- The Washington Times - Tuesday, September 9, 2003

NEW YORK (AP) — MCI removed two of the thorniest obstacles remaining in its path from bankruptcy, agreeing to pay $353 million to silence some of the last vocal objectors to the scandal-ridden company’s plan to repay a small fraction of its $41 billion debt.

The deal early yesterday with two groups of creditors, brokered by MCI Chief Executive Officer Michael Capellas, was reached just hours before a scheduled hearing to consider the existing reorganization plan.

U.S. Bankruptcy Judge Arthur Gonzalez granted a request to adjourn until tomorrow afternoon to let the parties officially approve the agreement, and to revise the financial reorganization plan to reflect the new accord.

The vast majority of creditors had already signed on in favor of the existing plan, which would leave the former WorldCom Inc. with debts of $5 billion. Still, MCI was motivated to get more creditors on board so as to avert some courtroom mud-slinging and help speed the company’s return from bankruptcy.

As it is, MCI is struggling to restore its reputation amid ongoing federal and state investigations into an accounting fraud that fabricated $11 billion of profits, having renamed itself to help put the scandal in the past. Complicating the effort is a new probe into claims that MCI has been disguising long-distance calls to avoid paying fees owed to local phone companies that connect such calls.

The active involvement of Mr. Capellas in the negotiations was “an assessment that it would be in the best interests of the company not to have a contentious confirmation hearing,” said Marcia Goldstein, one of the lead bankruptcy attorneys for MCI.

“This streamlines the process tremendously,” Miss Goldstein said. “It eliminates the two most extensive objections” to the company’s plan to emerge from bankruptcy only a little more than a year after filing the biggest Chapter 11 failure in U.S. history.

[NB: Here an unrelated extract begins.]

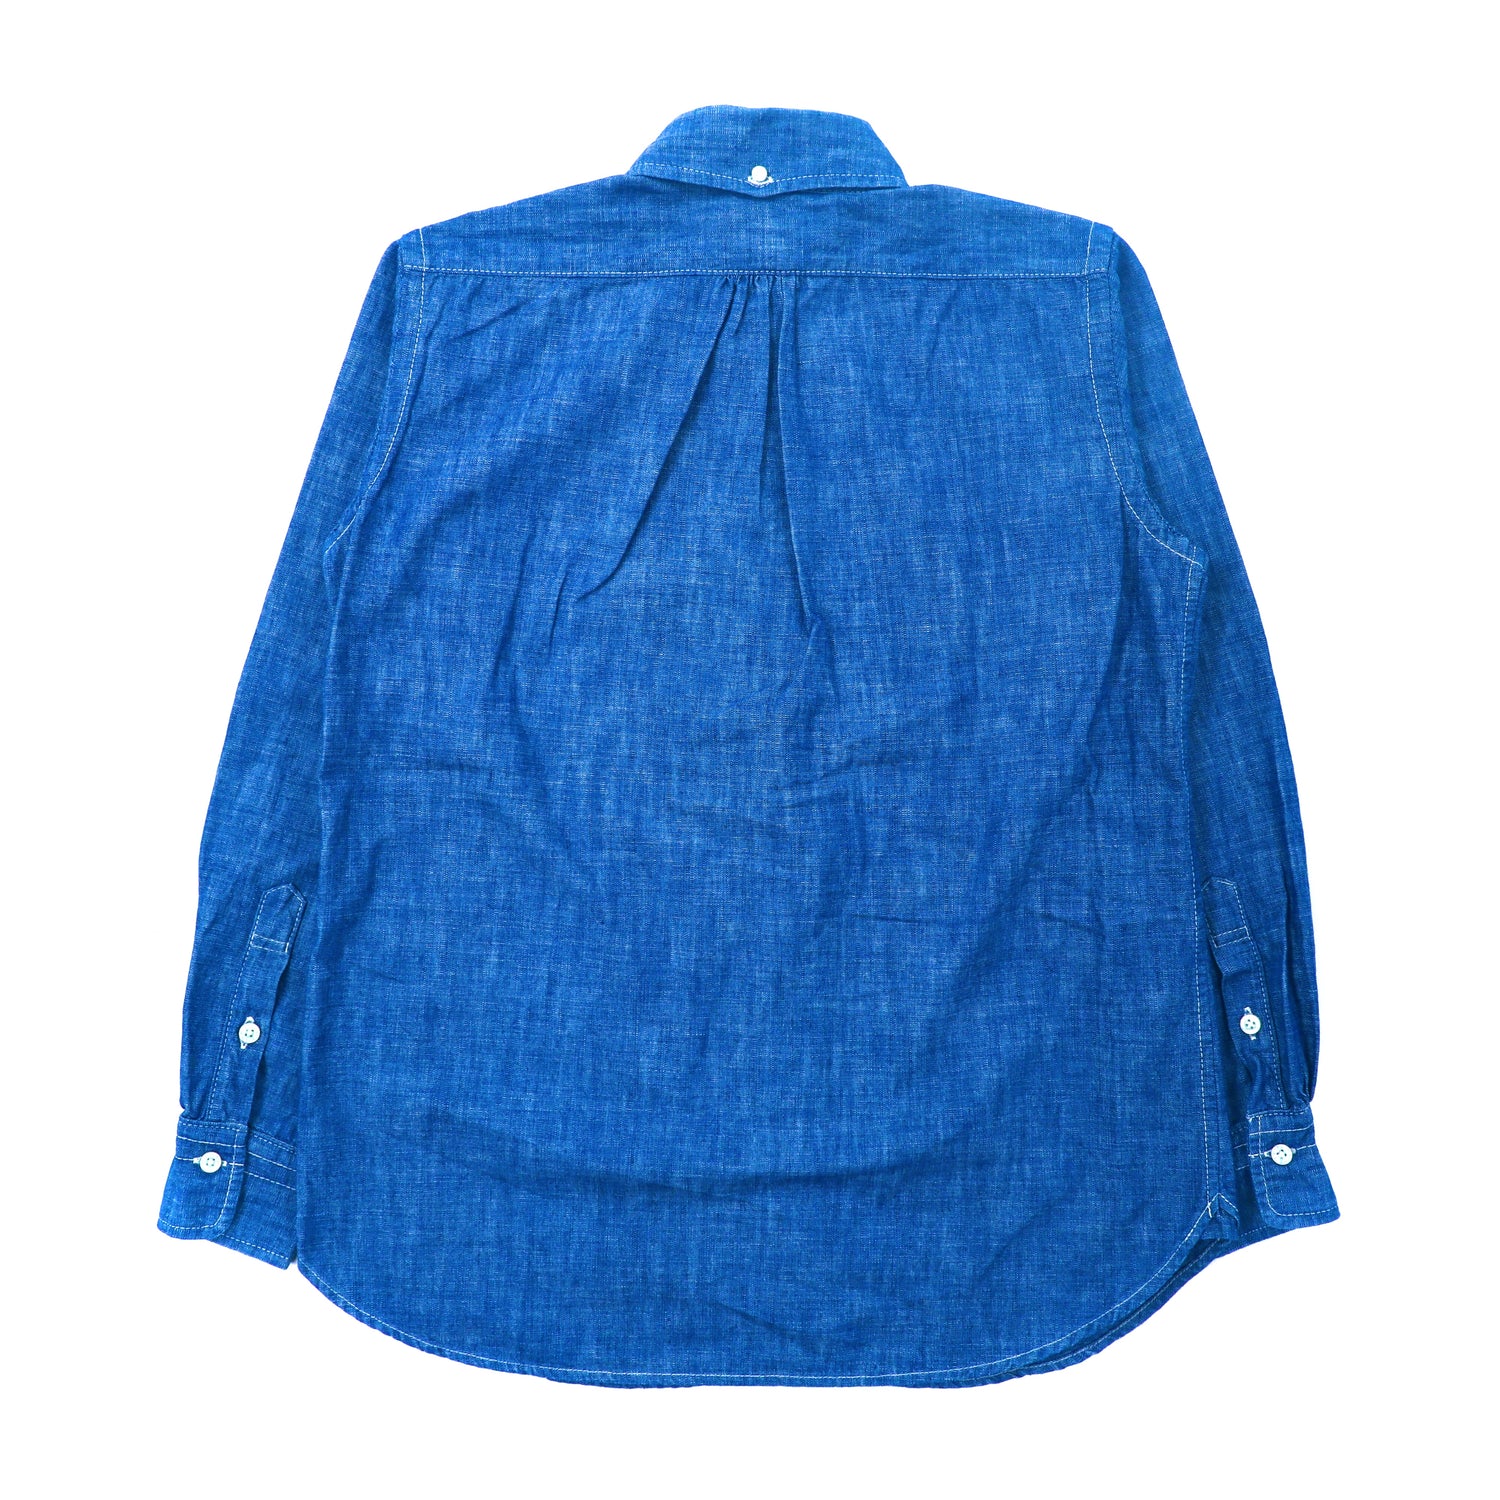 EVISU エヴィス シャツ サイズ:38(M) オープンカラー シャンブレー 半袖 シャツ ブルー ボックスシルエット トップス カジュアルシャツ 【メンズ】

According to the new deal, a small group of creditors that would have been snubbed entirely under the existing plan will now be paid 44.5 cents on the dollar.

Another small group of dissident creditors that was slated to be repaid 36 cents on the dollar for their claims will now receive 52.7 cents on the dollar.

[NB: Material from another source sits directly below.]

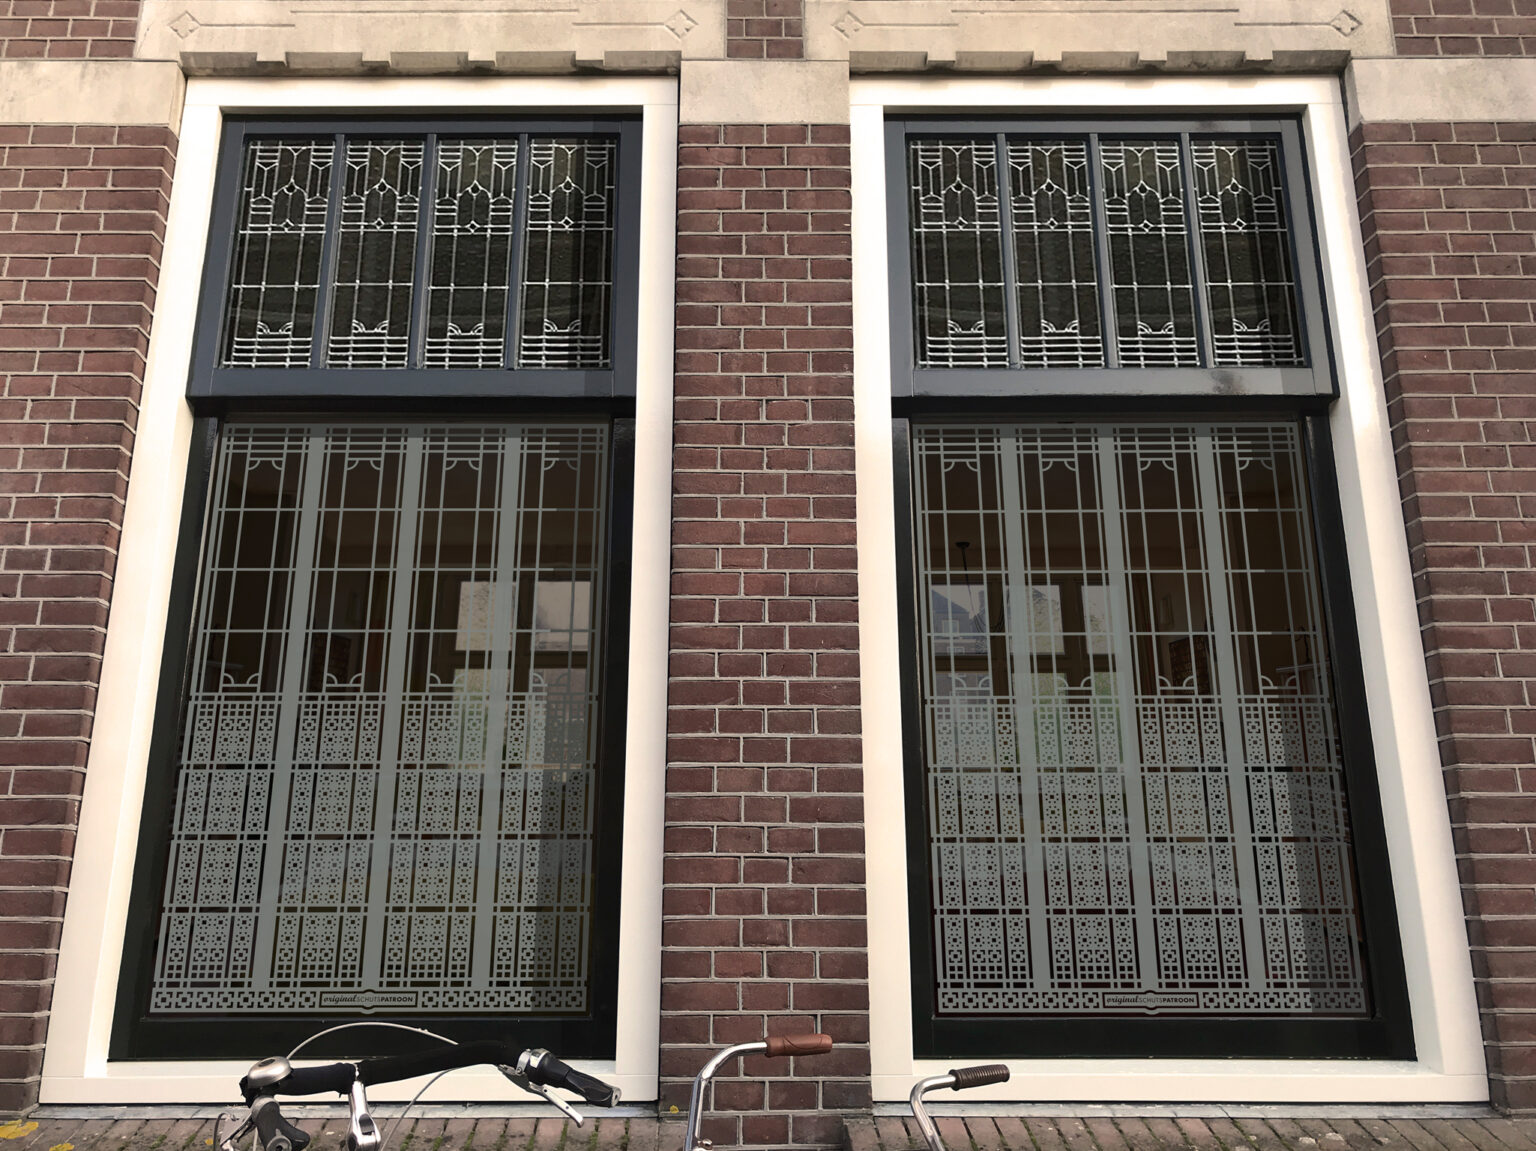 Schutspatroon in Art Nouveau-stijl voor woonkamer van buiten gezien

Importantly, the deal also drew support from the major creditor groups who had already approved the existing reorganization plan and own the vast majority of the company’s debt.

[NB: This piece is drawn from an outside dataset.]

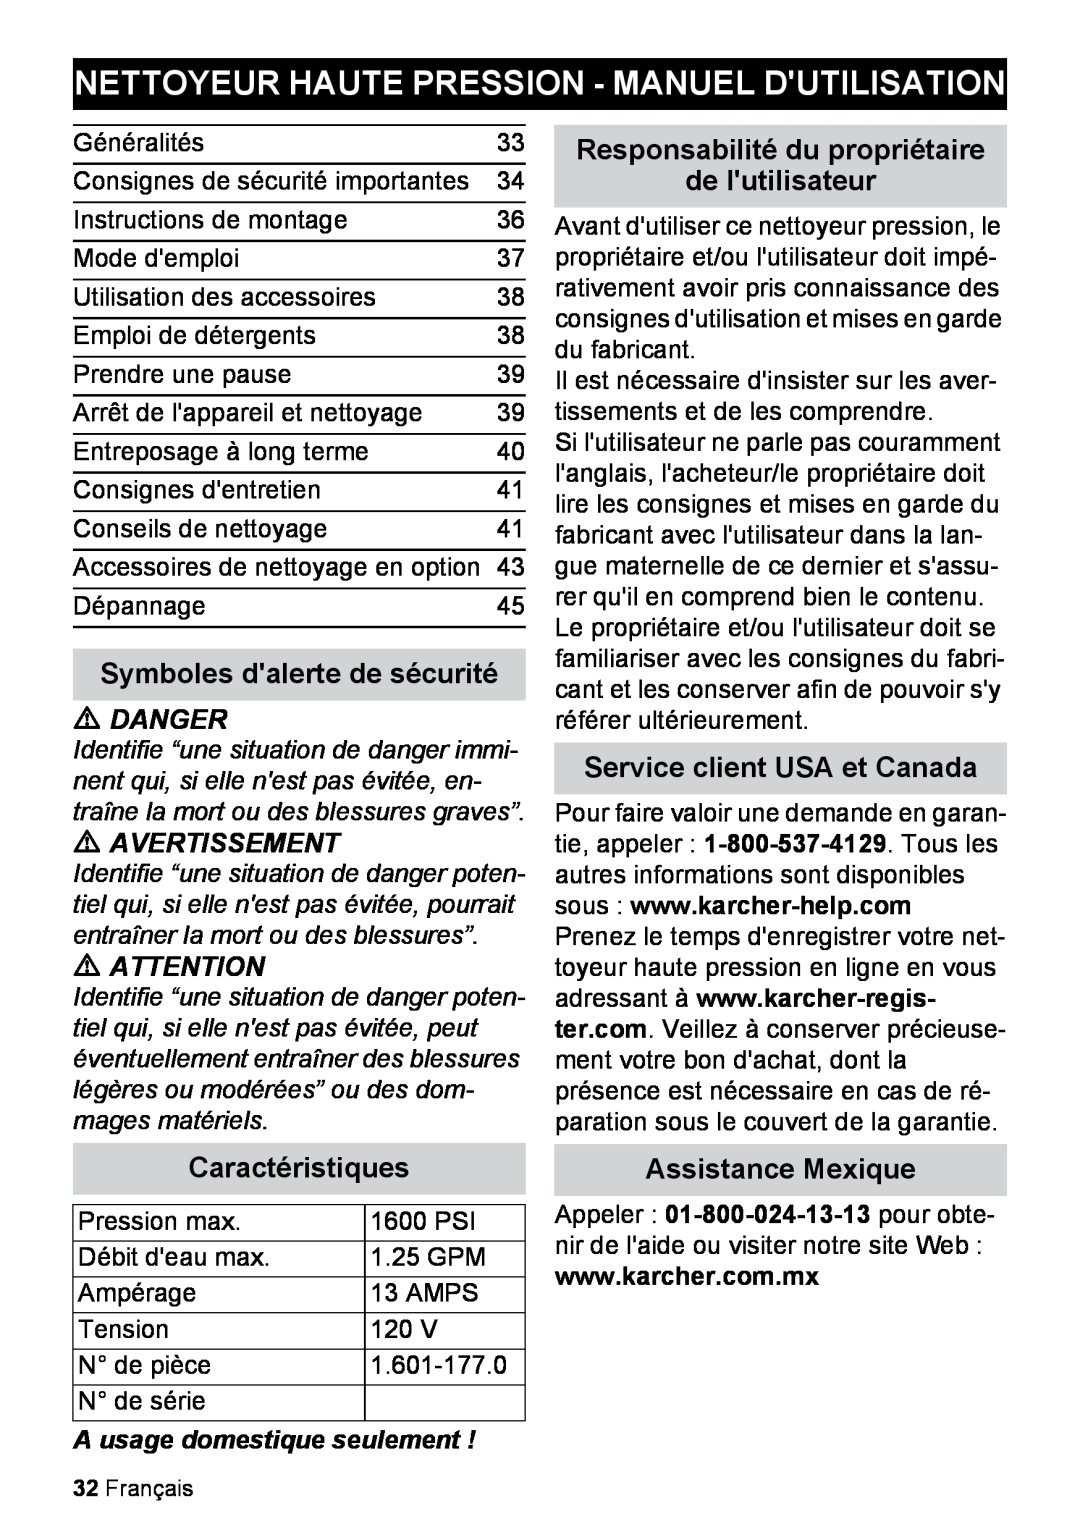 Karcher K 2.27 Nettoyeur Haute Pression - Manuel Dutilisation, Symboles dalerte de sécurité, Service client USA et Canada

Miss Goldstein also told the court that MCI is close to reaching an accord with another class of dissenting creditors and is pursuing discussions with other groups that object to the plan.

As it stands now, the hearing to consider the plan could conclude by mid-October, leaving the possibility that MCI could leave bankruptcy by the end of the year or in early 2004.

The deal calls for MCI to pay $188 million in cash and $165 million in new debt to the owners of $750 million worth of a riskier class of debt securities issued by the company prior to bankruptcy. That amounts to about 44.5 cents per dollar owed.